Circa 2008, the FBI began investigating Petters for his role in a fraud scheme involving more than $100 million in investments. On September 24, 2008, federal investigators raided the Petters headquarters in Minnetonka and searched Tom Petters' Wayzata home. Documents released by the FBI, IRS, and other federal agencies noted that they were seeking evidence of a scheme to lure investors into funding a company based on tens of millions of dollars in purchases and sales that never occurred. The documents noted that a witness associated with Petters and his company came forward with documents and other information, and later wore a hidden microphone and recorded several conversations involving Petters and others who carried out the fraud. The affidavit alleges that Petters repeatedly admitted to the fraud scheme of providing false information to investors in the tapes; in addition, Petters admitted to falsifying his tax returns. On September 29, he resigned as the head of Petters Group Worldwide.

On October 3, Petters was arrested at his home in Wayzata. He was denied bail after prosecutors produced documents that alleged Petters had encouraged another person involved with the case to leave the country, that Petters had stated that he regretted turning over his passport, and that he had previously spoken about fleeing the country if the fraudulent scheme were discovered. The U.S. Attorney's Office charged him with mail fraud, wire fraud, money laundering and obstruction of justice.
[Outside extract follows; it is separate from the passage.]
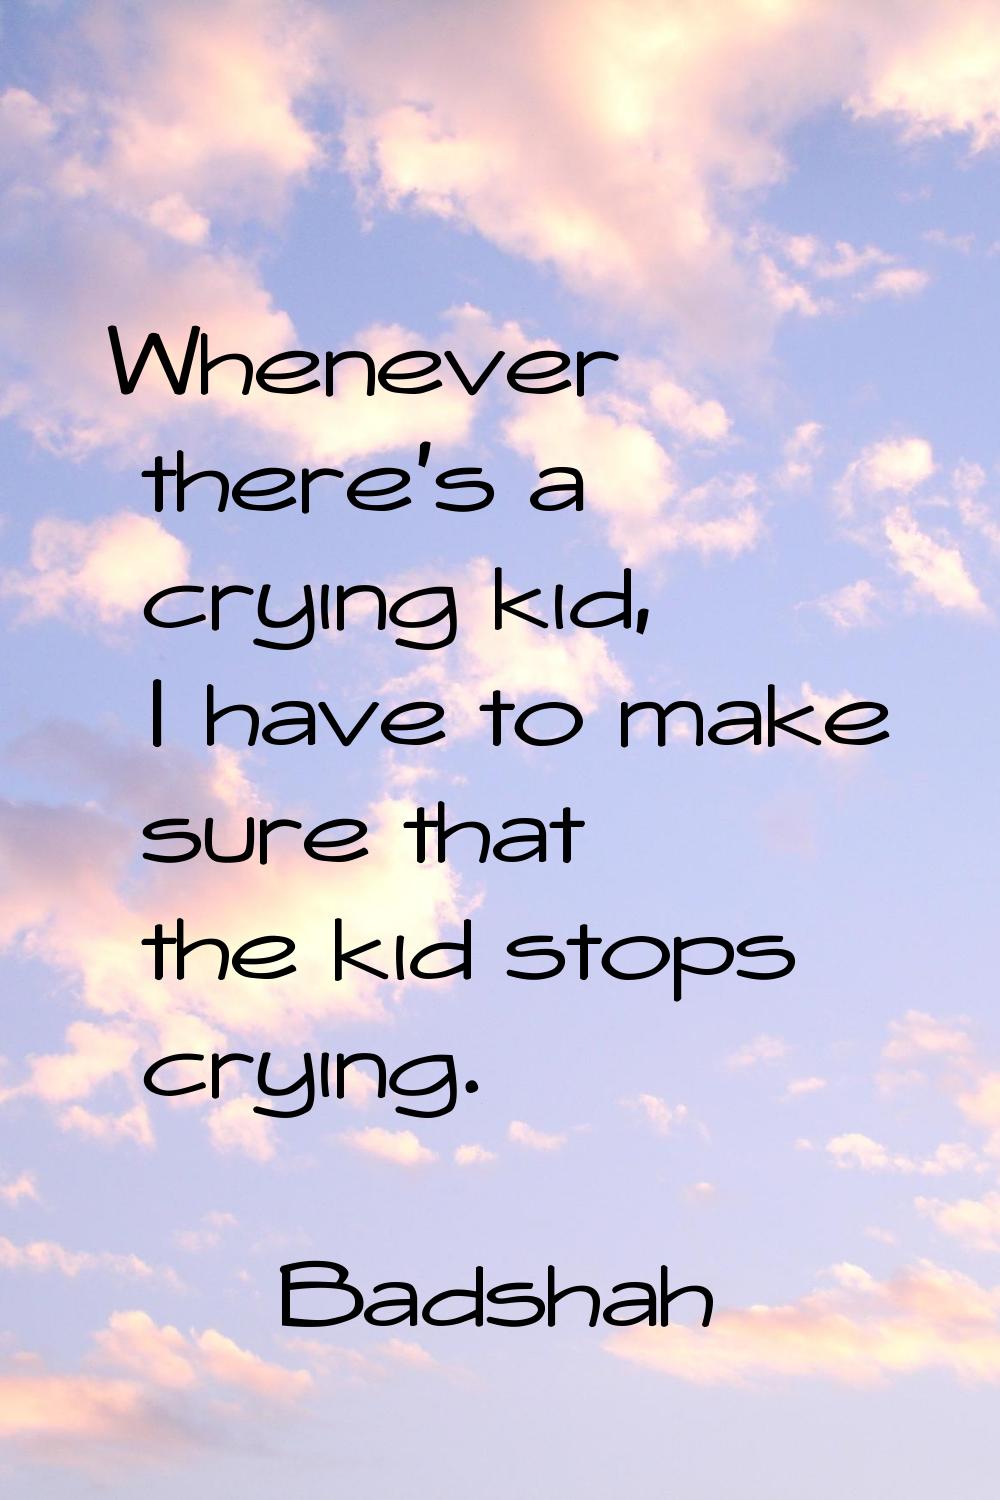 Whenever there's a crying kid, I have to make sure that the kid stops crying.

The U.S. Attorney staff noted that the government knew nothing about the scheme until Deanna Coleman, vice president of operations for Petters Co., approached them to confess and offered to help federal authorities investigate. This led to the prosecution of Robert Dean White, who admitted to being involved in creating false bank statements and other documents that were used to trick investors in what he described as a massive Ponzi scheme. Both individuals made plea bargains with federal prosecutors in exchange for providing the government information on how the scheme worked. Coleman and White related that, at the direction of Petters, they would fabricate documents for Petters and others to use in obtaining billions of dollars in loans. The phony records were used to show that Petters Co. was buying merchandise, generally electronic goods, from two suppliers (who were named as co-defendants). Petters Co. would tell lenders that it was selling the goods through big-box stores and provided purchase orders to substantiate the deals, but the deals were phony and the documents were fakes. Most of the money lent to PCI was secured by promissory notes and sometimes security agreements; the lenders would wire the money to the two suppliers, which would pass it on to Petters Co., less a commission. As more lenders loaned to Petters Co., outstanding loans would be paid off or rolled into new loans from the same lender. Proceeds went to Petters Co. and to Petters himself, and were used to fund other Petters-owned companies, to pay others collaborating in the scheme and, according to court affidavits, for Petters' "extravagant lifestyle."

Petters' legal troubles led to Sun Country Airlines filing for bankruptcy; the airline had been relying on an operating loan from Petters, who owned all the voting shares of Sun Country, to help the low-fare carrier pay its bills during the months of October and November 2008.

In addition, Frank E. Vennes Jr., the CEO and sole shareholder of Metro Gem, under a plea agreement, was sentenced to 180 months in prison for aiding and abetting misrepresentations and omissions to investors related to the PCI notes. Metro Gem held 38 outstanding PCI notes with a total principal (face value) of $130.3 million

The FBI Criminal Complaint identifies First Regional Bank, Los Angeles (Century City), California as the bank that moved more than 11 billion dollars through an account for Nationwide International Resources Inc. of Los Angeles. In a separate legal filing in February 2008, more than seven months before the Petters allegations surfaced, the Federal Deposit Insurance Corporation (FDIC) issued a cease and desist order citing First Regional Bank for failing to comply with regulations regarding money laundering with respect to Individual Retirement Accounts and violating rules regarding reporting suspicious activity.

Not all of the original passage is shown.